**Your assignment**. A faithful copy of all the data is the goal; omit the pictures.

**Data segment**.
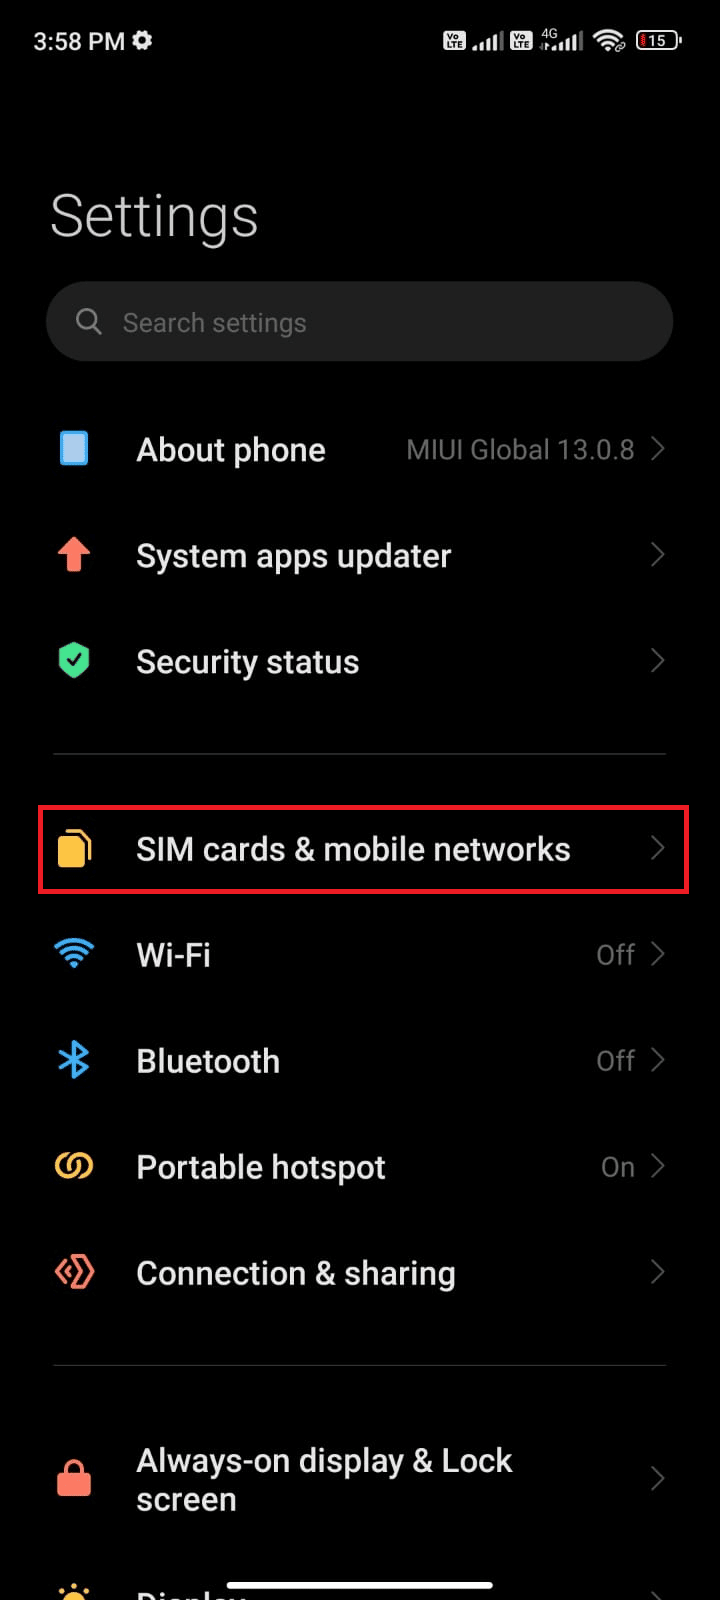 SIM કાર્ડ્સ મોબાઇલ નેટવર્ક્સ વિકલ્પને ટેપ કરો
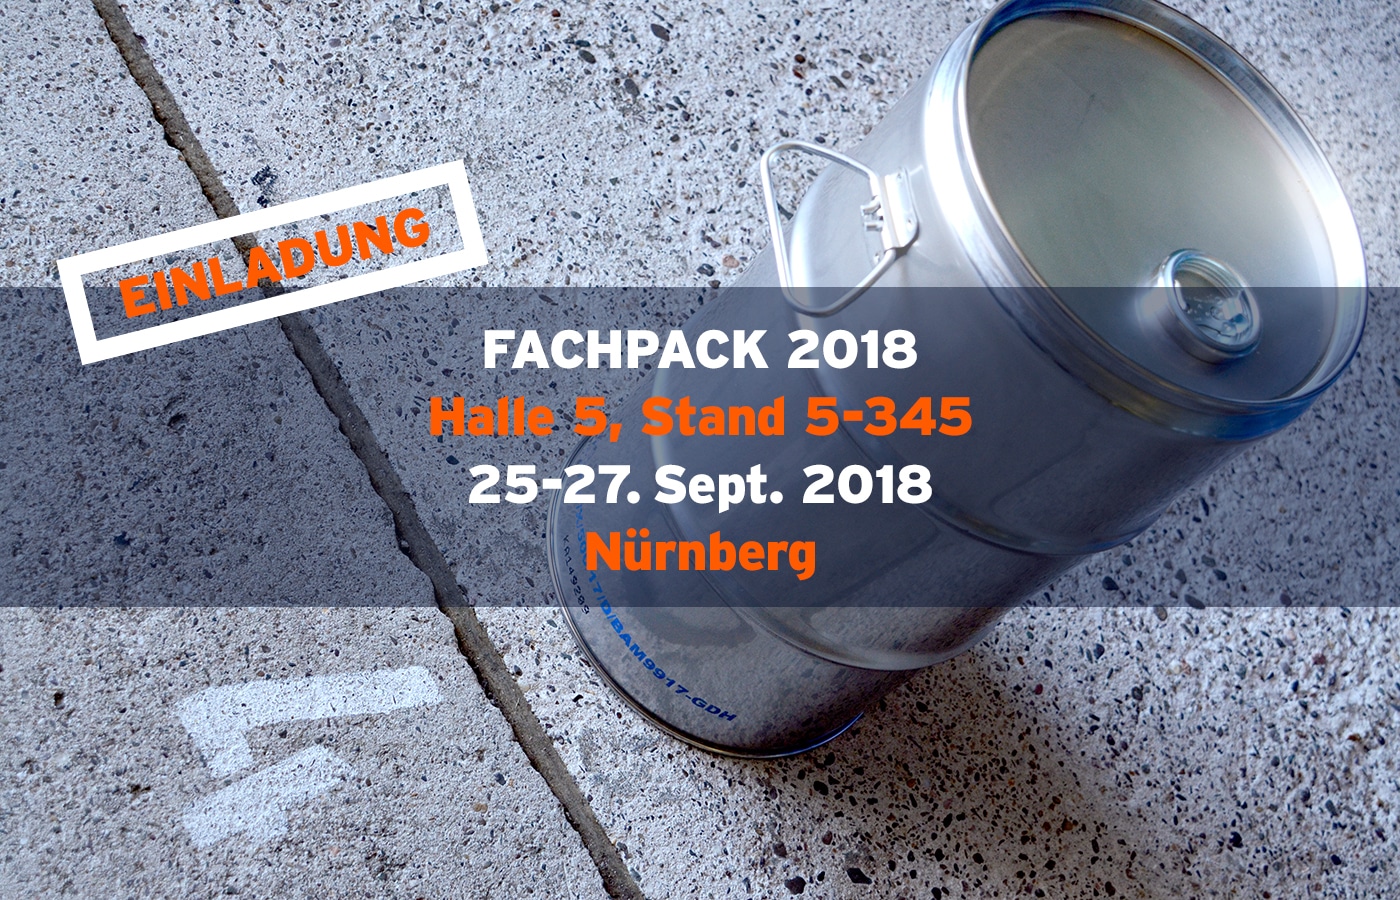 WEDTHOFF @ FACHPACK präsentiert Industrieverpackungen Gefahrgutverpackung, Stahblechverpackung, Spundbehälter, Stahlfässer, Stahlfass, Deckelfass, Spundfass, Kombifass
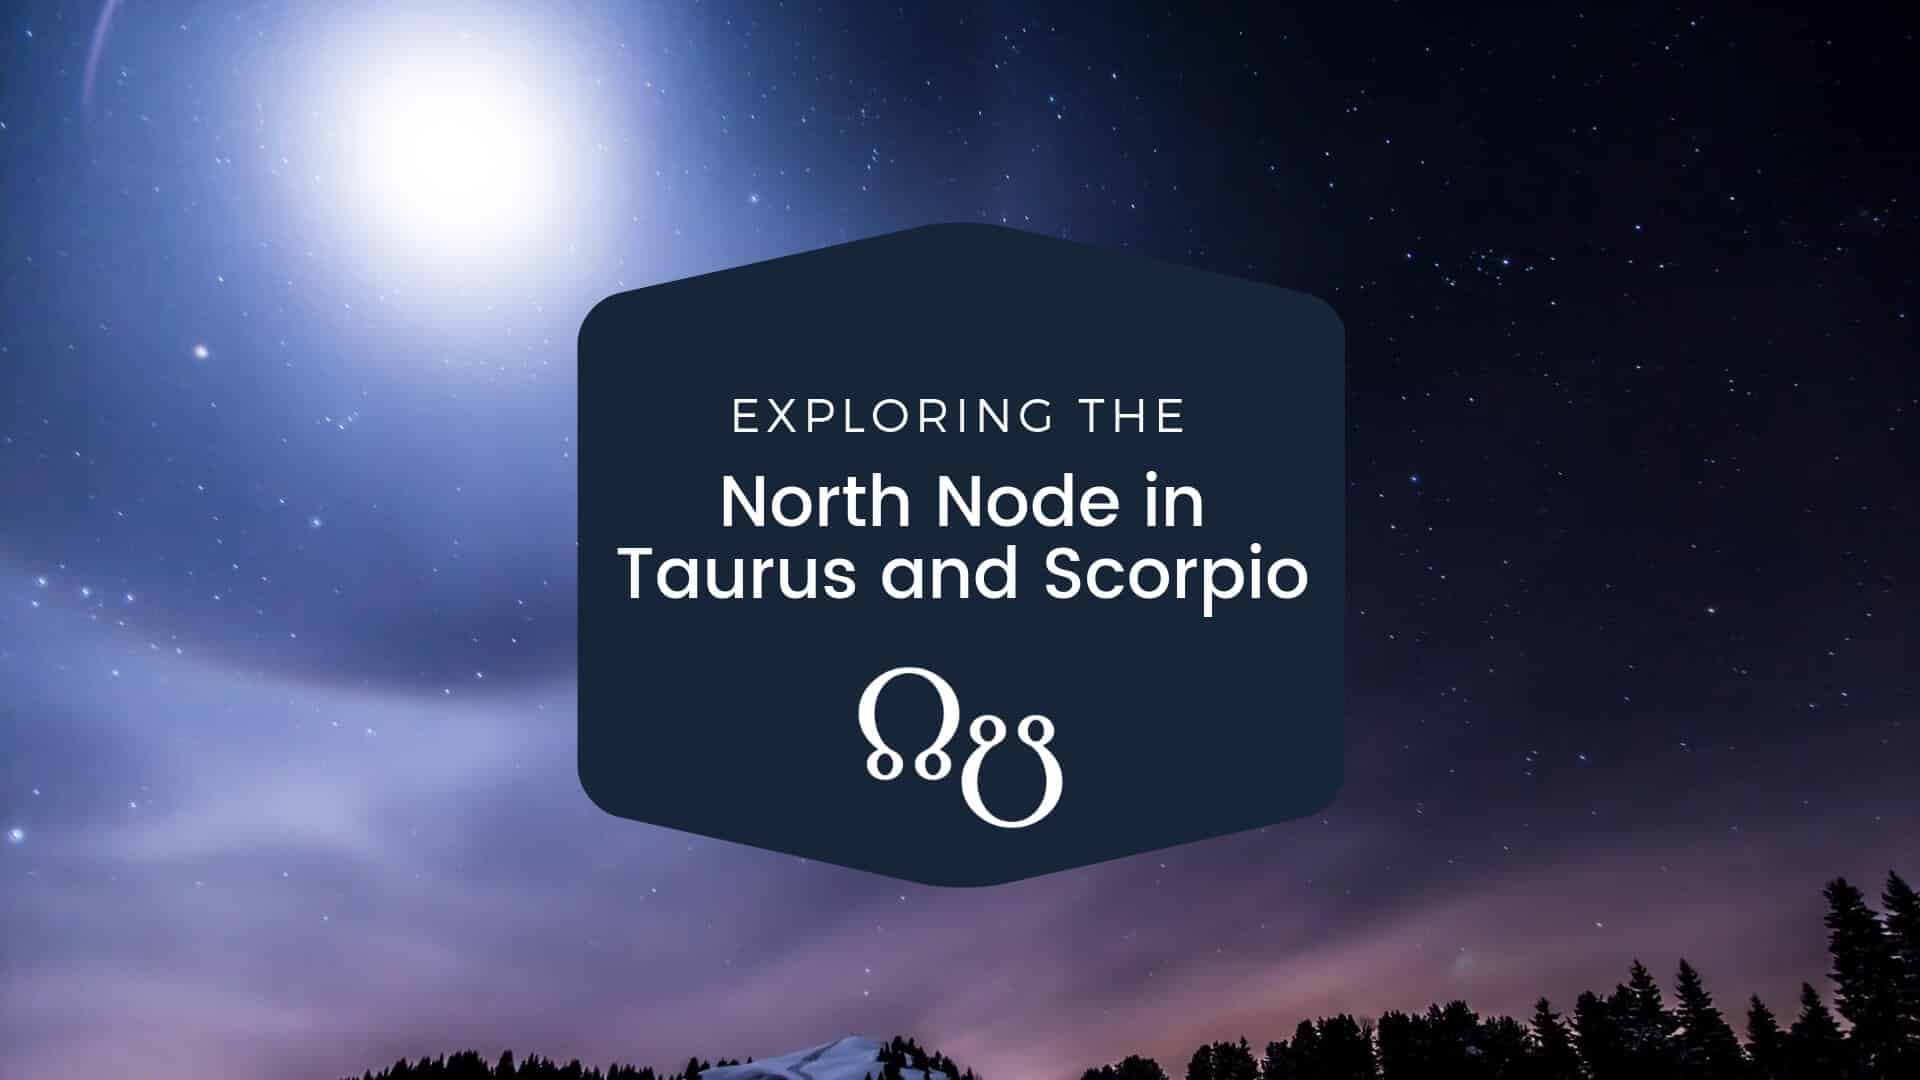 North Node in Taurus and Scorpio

**Reply**.
 SIM કાર્ડ્સ મોબાઇલ નેટવર્ક્સ વિકલ્પને ટેપ કરો
 WEDTHOFF @ FACHPACK präsentiert Industrieverpackungen Gefahrgutverpackung, Stahblechverpackung, Spundbehälter, Stahlfässer, Stahlfass, Deckelfass, Spundfass, Kombifass
 North Node in Taurus and Scorpio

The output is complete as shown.